# More Z4 autox ruminations



## EdCT (Mar 14, 2002)

Last weekend, I had the Z4 out for a second time at one of cart's (www.cartct.com) test and tune days.

I'm having fun with the Z4 as I'm learning its (and my) strengths and weaknesses.

Sport button on, manual mode on the step, mash the go pedal and your eyes sink back in your head - it's a nice feeling, launches like this, after last year's season of discontent off the line with the E46.

First turn was a 540 degree skid pad (one and a half times around a circle), the Z4's really good here, I could tighten up the line (circle) with the throttle and a slight adjustment of the steering wheel - around the circle was pretty fast indeed, got some good time here.

Slaloms were fast, no brakes, just about flat out (the last gate was always a bit scary though).

The downhill, off camber sweeper was a problem - here, the Z4's tail just kept wanting to come out - I finally found a solution in the engagement of the first level of DTC.

There were also a couple of moments where the car would understeer more than I thought appropriate.

Overall, it was a great day, I was pretty fast and clean, my best was a 75 while the two FTD's were just under 70 - I was beating guys on racing tires with my standard runflats. That felt good, but who knows, they may have been pretty sucky (I'm not supposed to care about this stuff, but who can help it?).

However, the runflats seemed to like to slide quite a lot, it was cold and the lot was sandy, but still, grip was relatively poor.

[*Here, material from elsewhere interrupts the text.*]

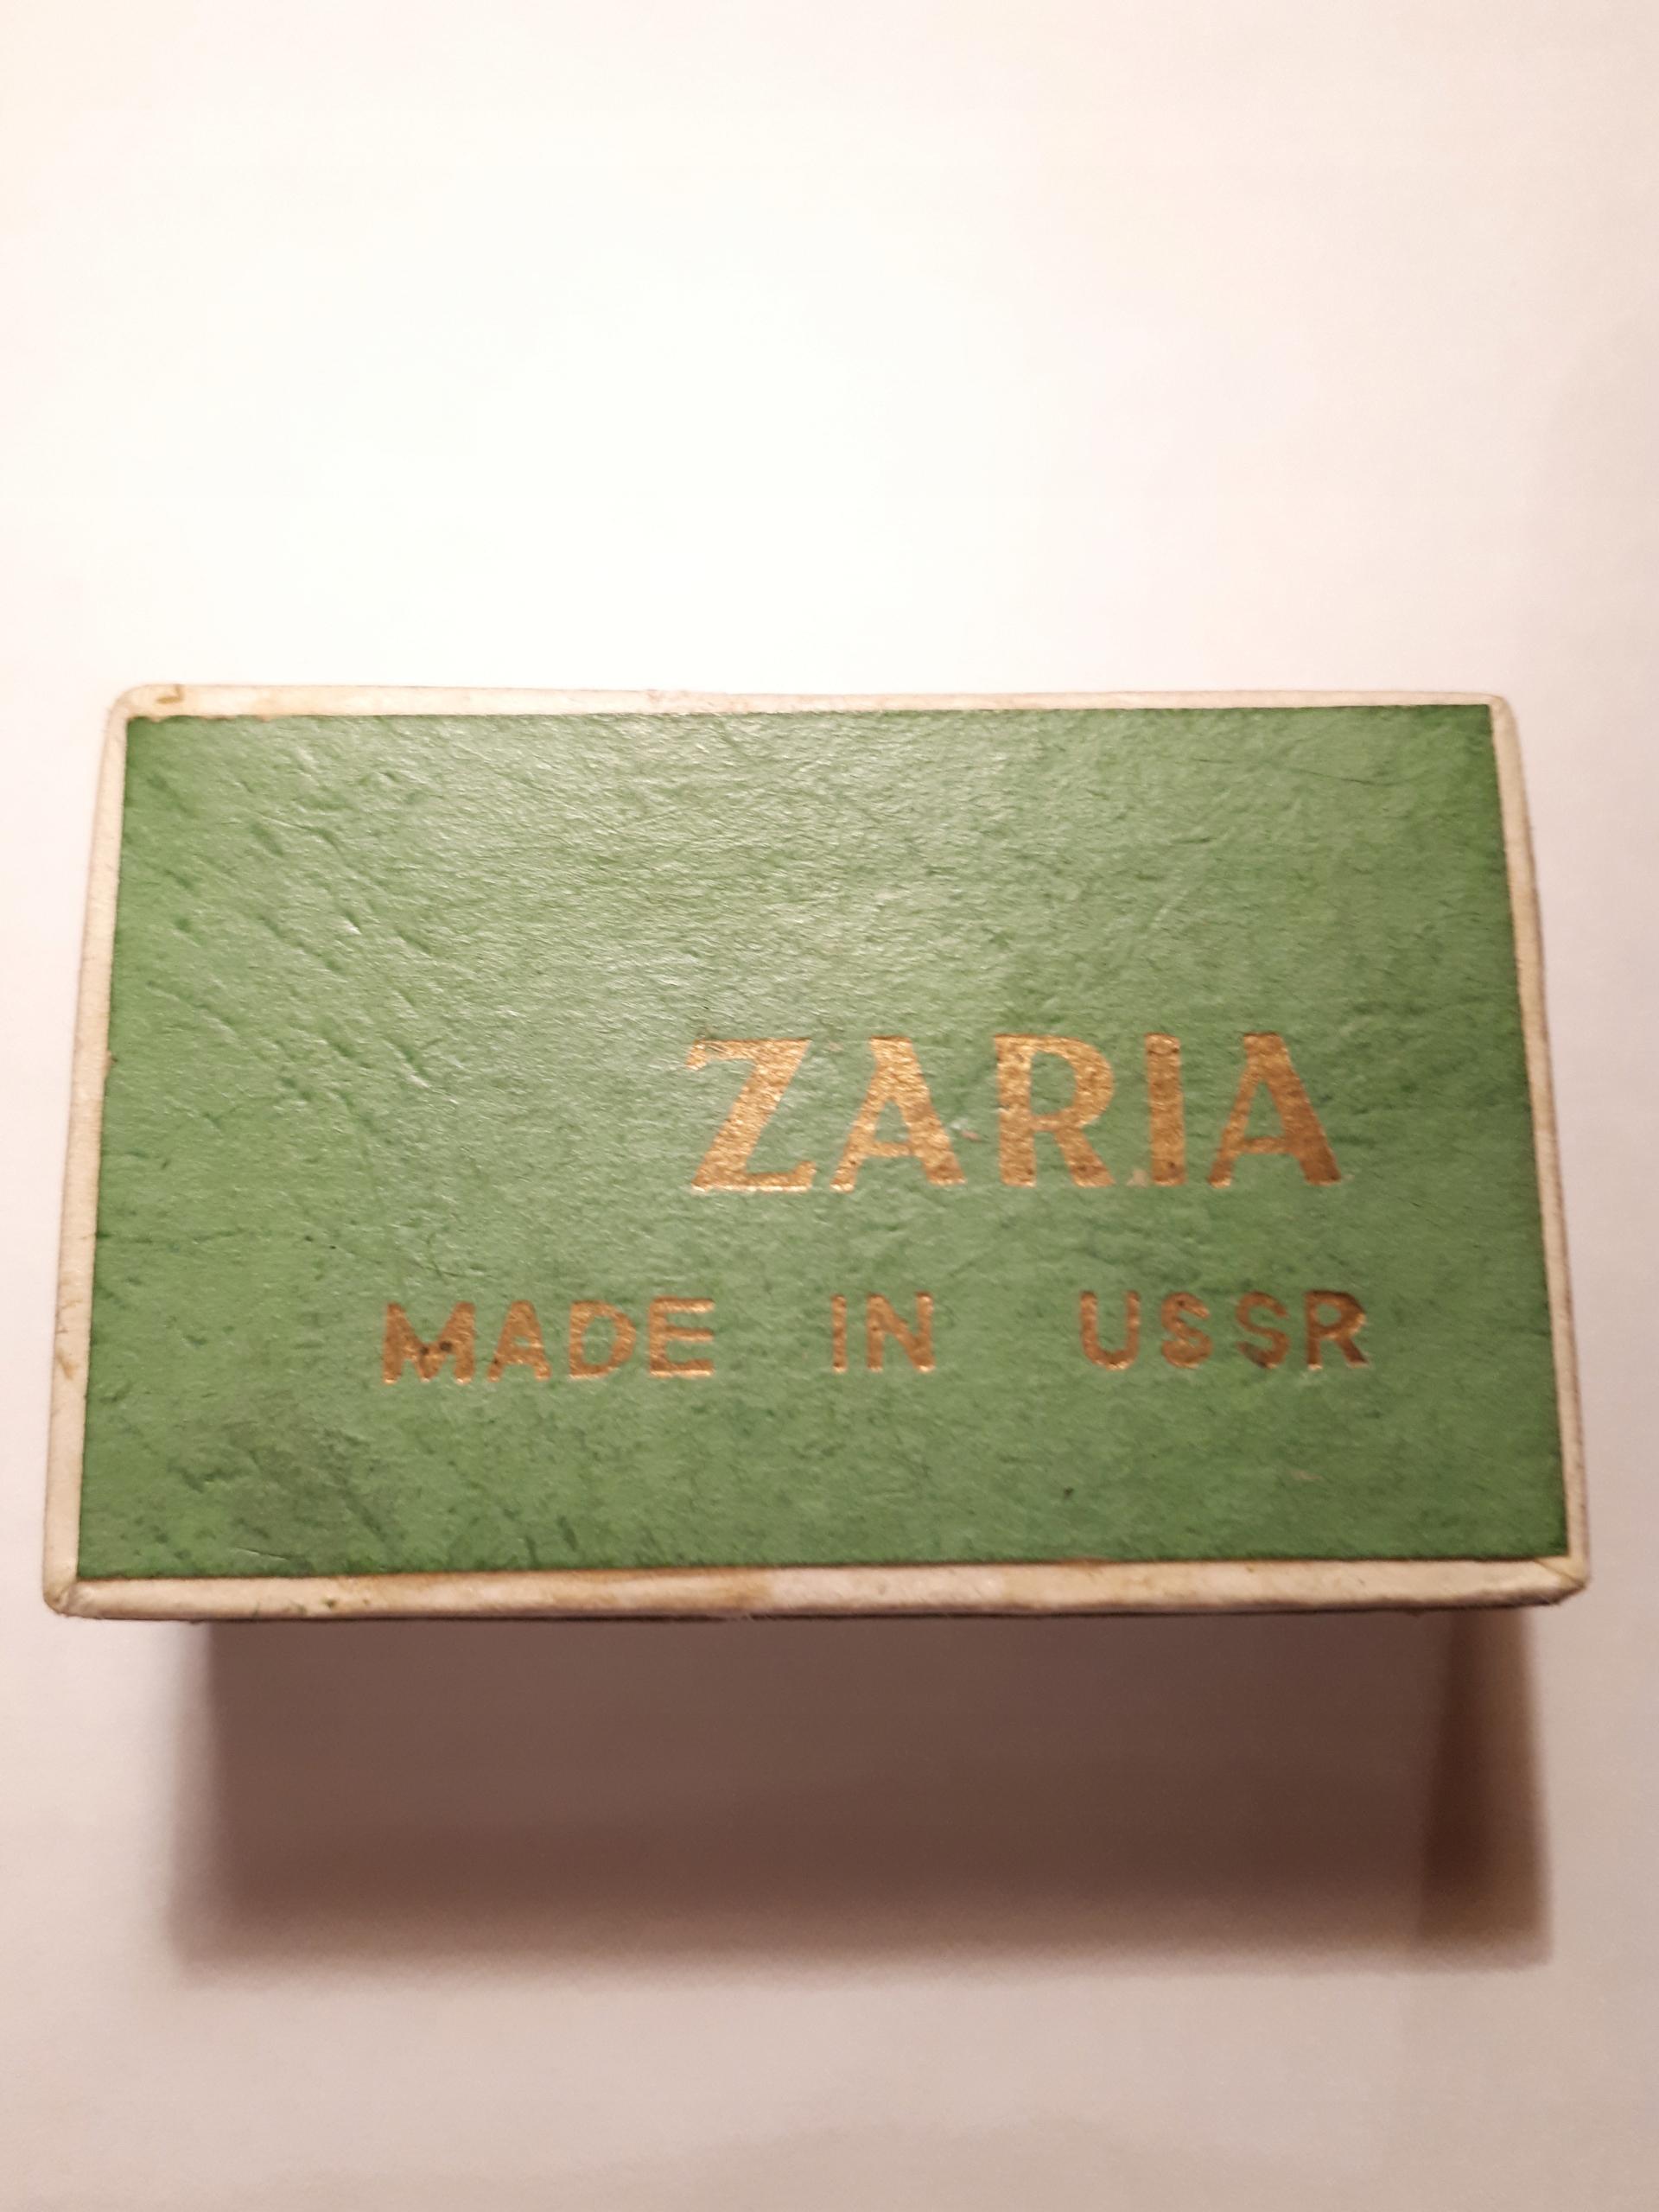 Pudełko na zegarek Zaria USSR oryginał PRL
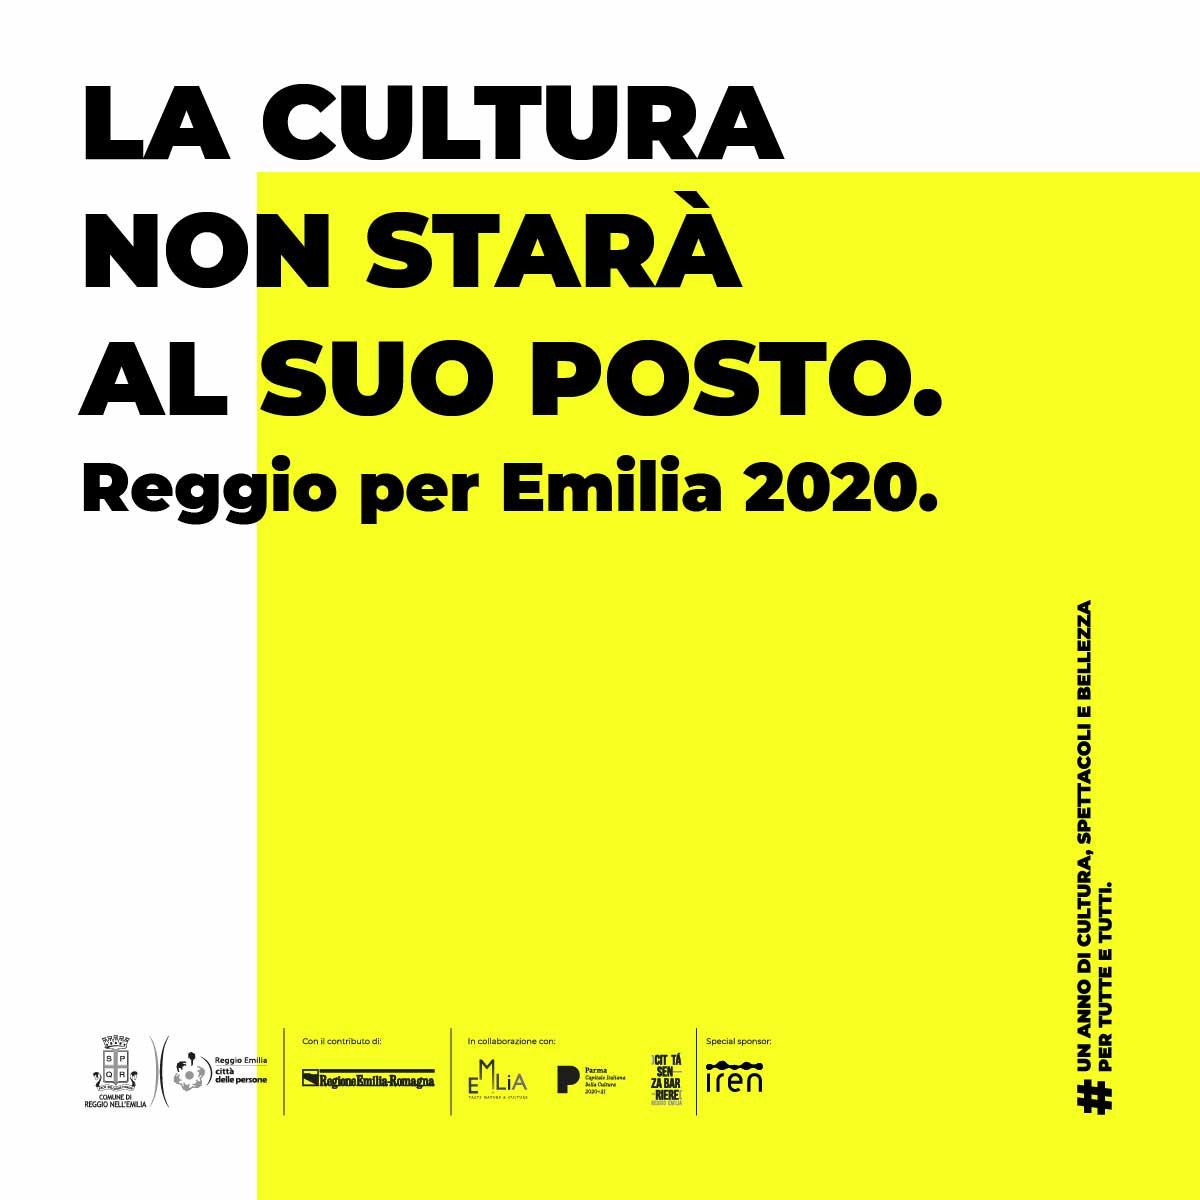 Reggio per EMILIA 2020 Happy Minds brand-identity-2-orz

One of the Z3 guys felt I could pick up at least two seconds if I switched out the run flats............yes, but it's another 800 to 1000 bucks and there we go again $$$

Ed


----------



## cenotaph (Dec 19, 2001)

EdCT said:


> One of the Z3 guys felt I could pick up at least two seconds if I switched out the run flats............yes, but it's another 800 to 1000 bucks and there we go again $$$
> 
> Ed


Maybe, but if those run flats are like the ones on the E90, they go for ~$350 each. That's not cheap either.


----------